▸ **Excerpted records**:

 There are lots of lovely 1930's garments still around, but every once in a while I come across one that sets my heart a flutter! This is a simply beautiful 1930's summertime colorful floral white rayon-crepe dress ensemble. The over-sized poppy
---
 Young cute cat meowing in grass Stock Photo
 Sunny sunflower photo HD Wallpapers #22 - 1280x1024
--
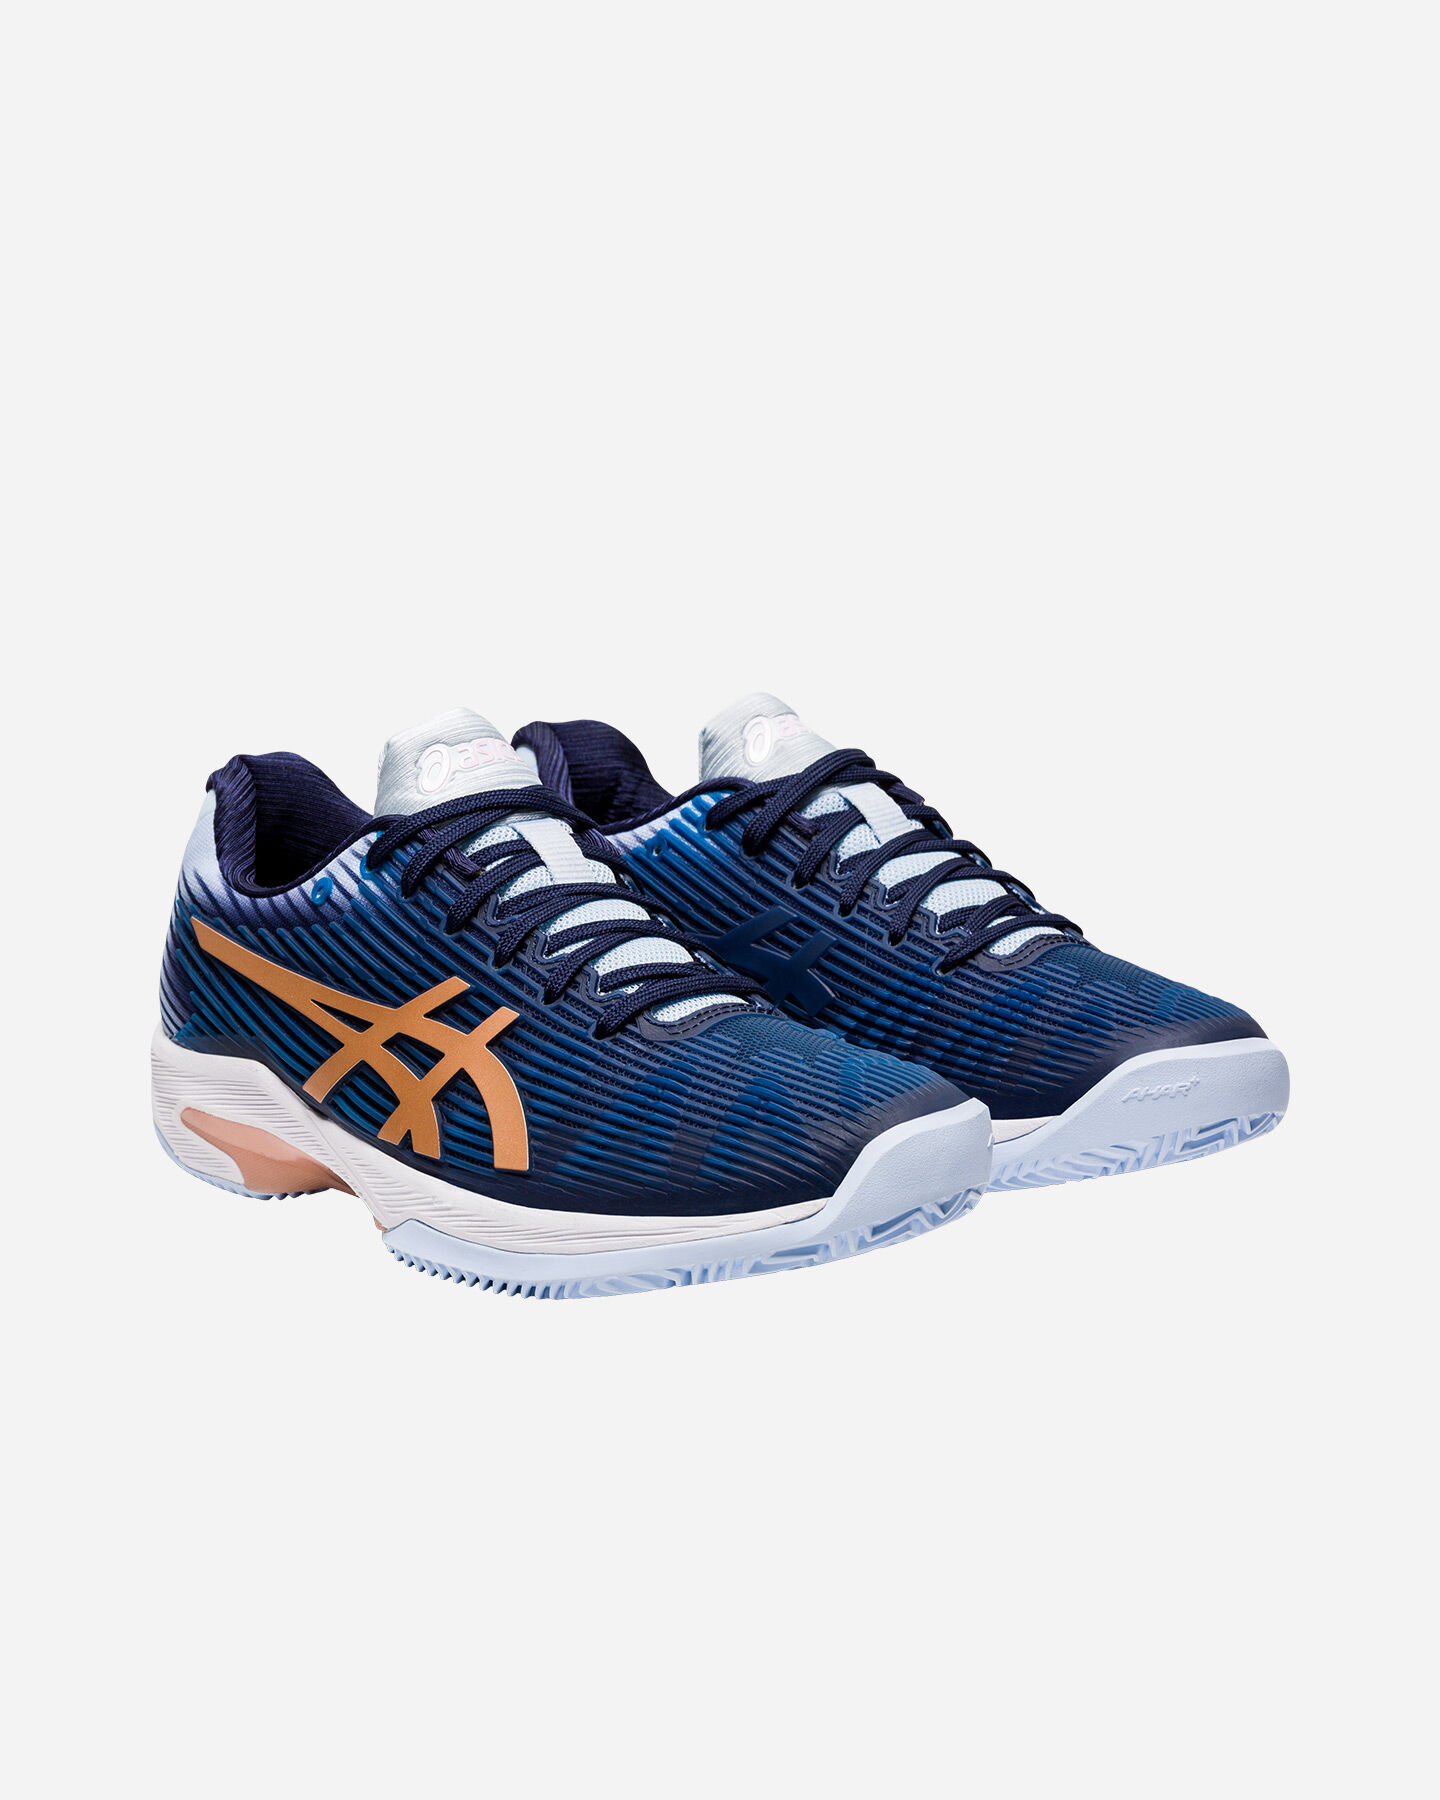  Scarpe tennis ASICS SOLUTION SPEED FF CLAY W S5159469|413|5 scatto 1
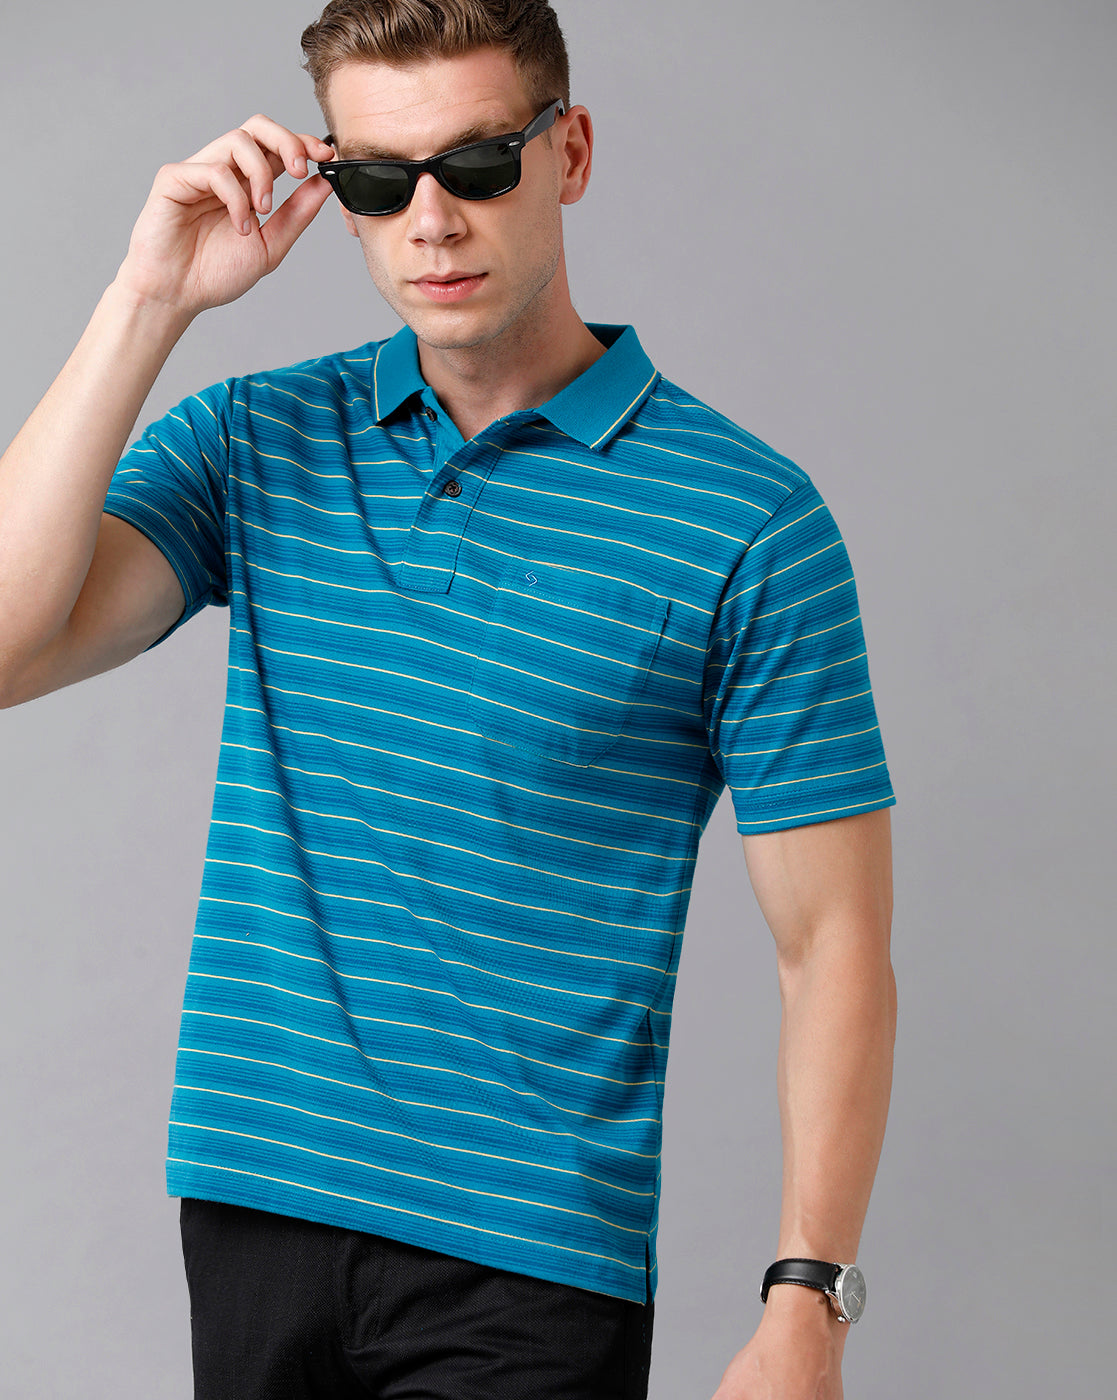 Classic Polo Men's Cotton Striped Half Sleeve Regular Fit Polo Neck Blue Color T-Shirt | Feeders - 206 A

▸ **Task requirements**: Above are the records; return the lines in them from the one with "Scarpe tennis ASICS" to the one with "Classic Polo Men's", inclusive, exactly and without images.

▸ **Result of the task**:
  Scarpe tennis ASICS SOLUTION SPEED FF CLAY W S5159469|413|5 scatto 1
 Classic Polo Men's Cotton Striped Half Sleeve Regular Fit Polo Neck Blue Color T-Shirt | Feeders - 206 A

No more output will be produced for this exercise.